*** Opening DATA BELOW ***
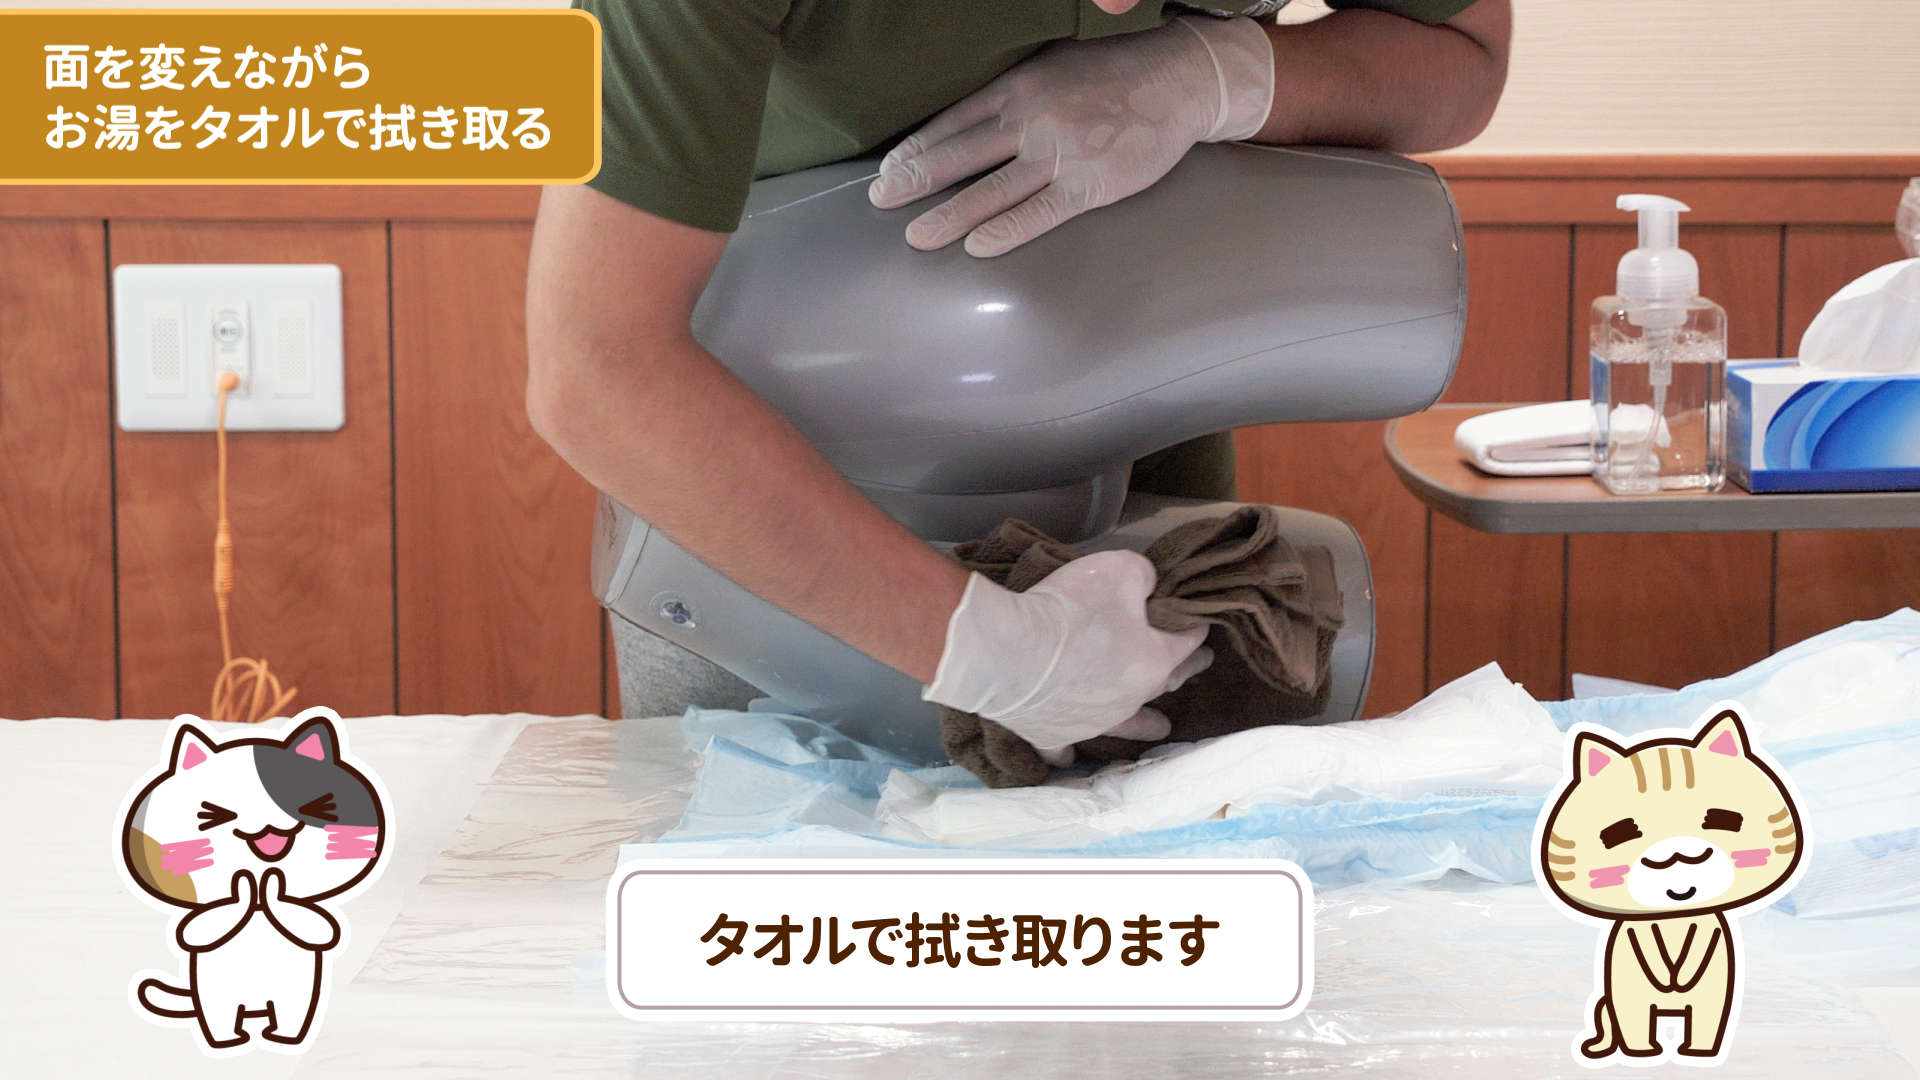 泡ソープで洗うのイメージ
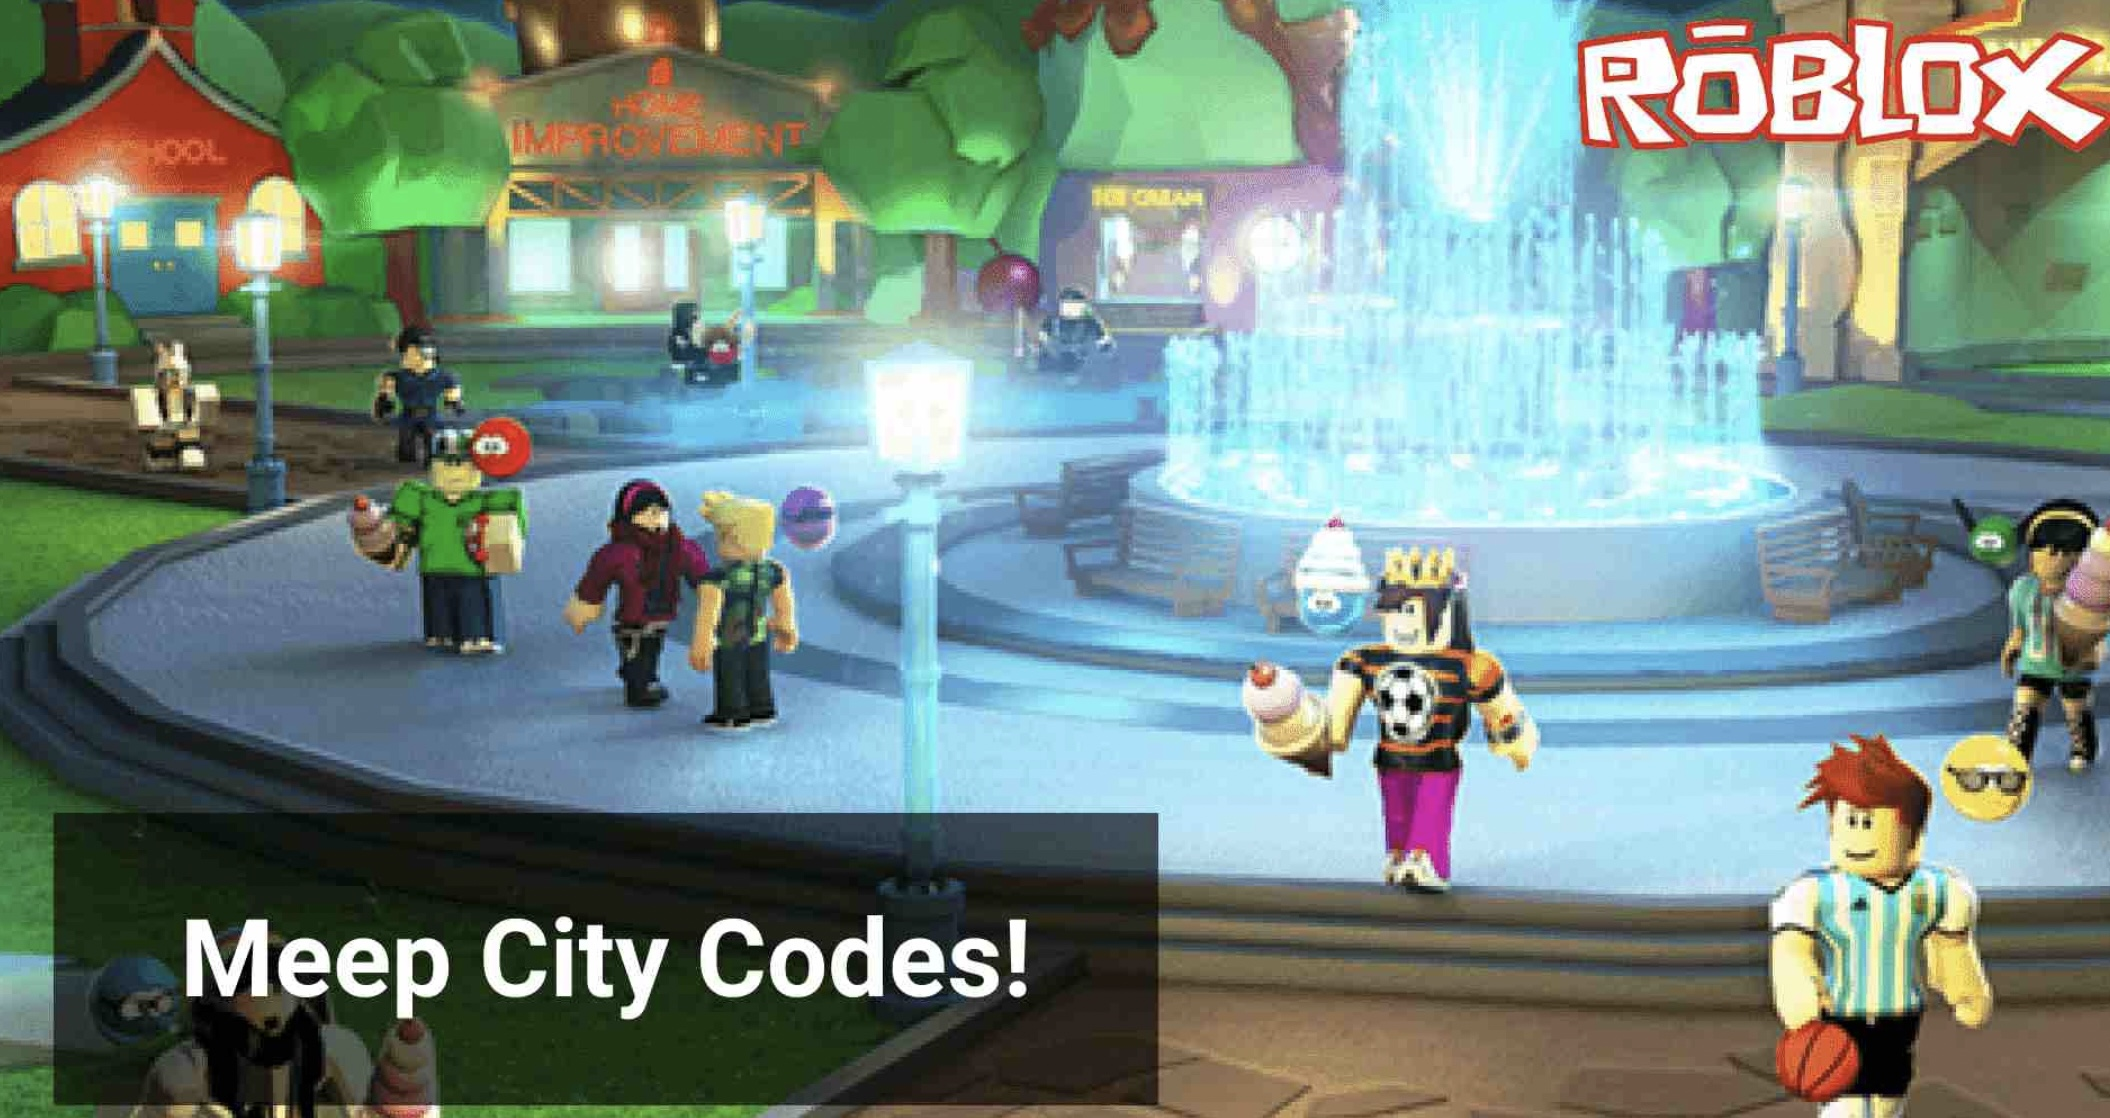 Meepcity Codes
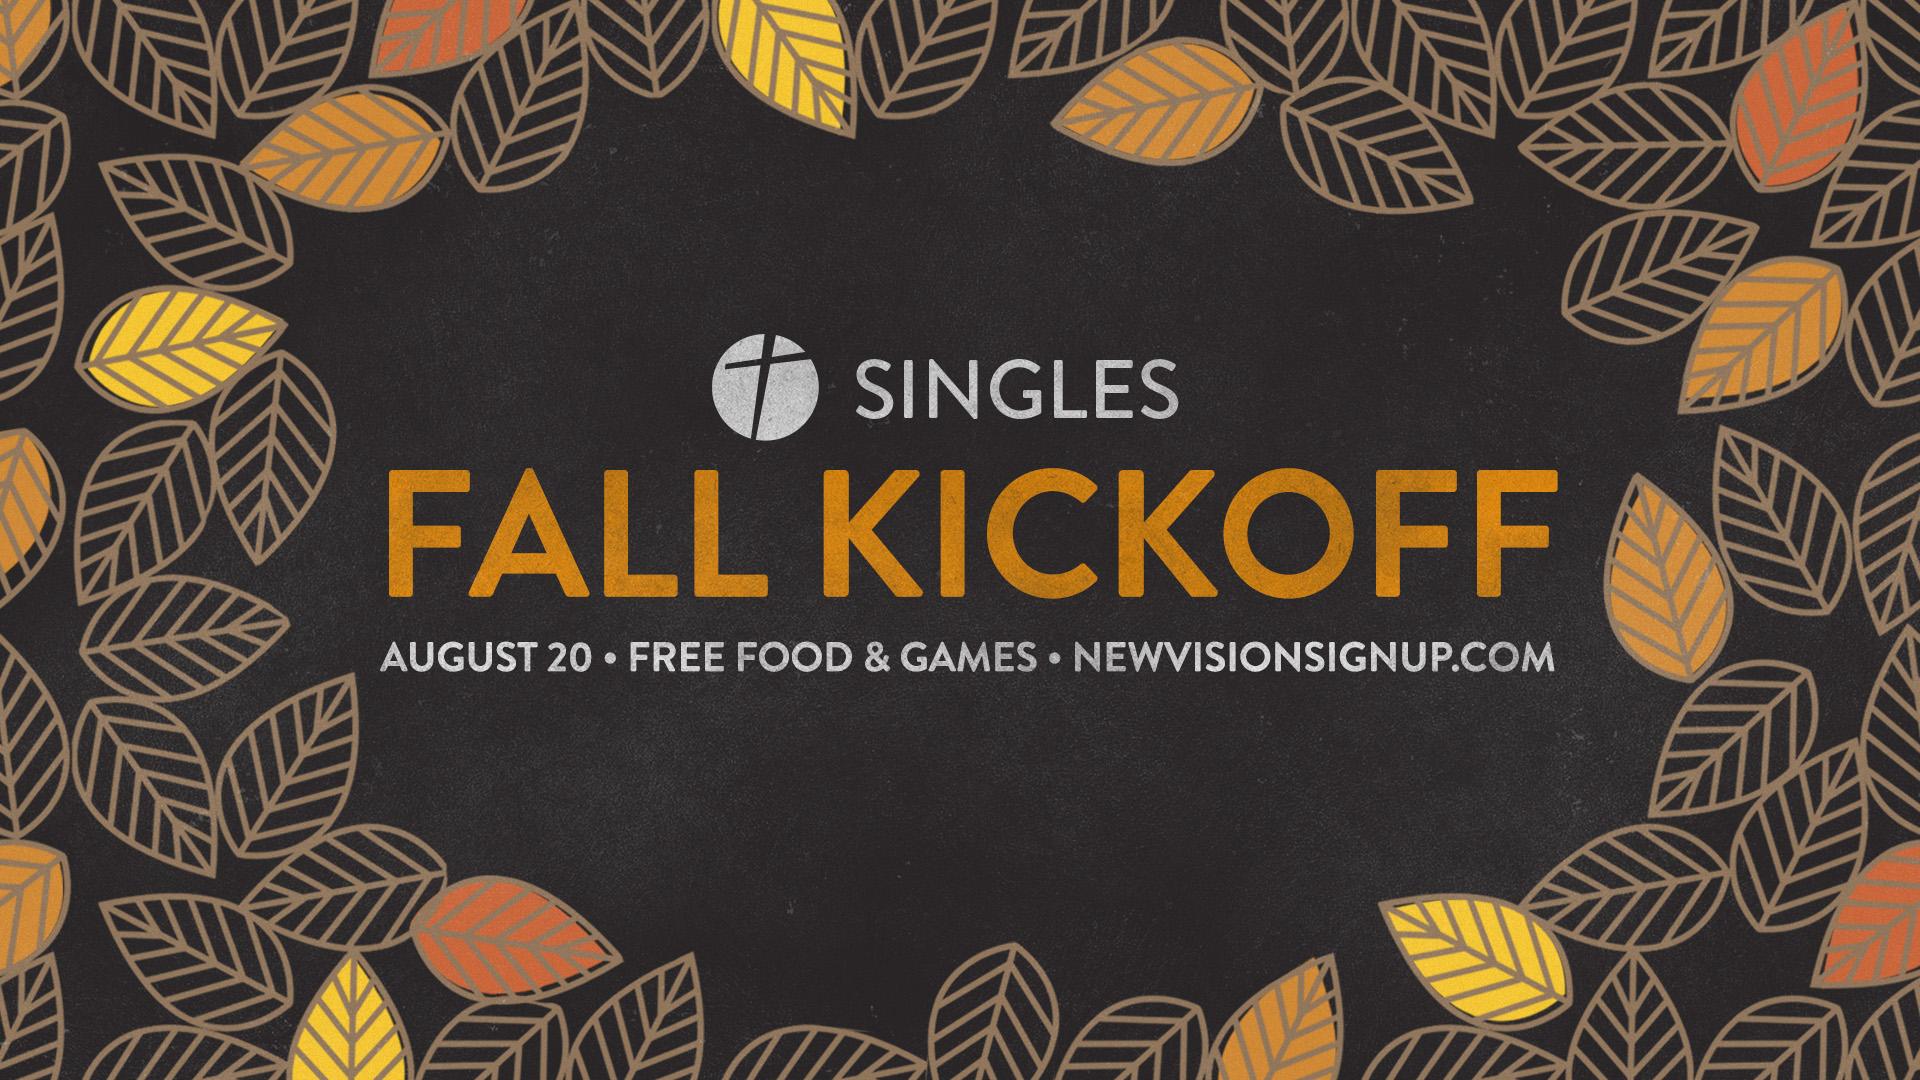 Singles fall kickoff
*** Closing DATA BELOW ***
_INSTRUCTIONS FOR THE TASK:_ The output should be the material above, copied exactly, without its pictures.

_RESPONSE BELOW:_
 泡ソープで洗うのイメージ
 Meepcity Codes
 Singles fall kickoff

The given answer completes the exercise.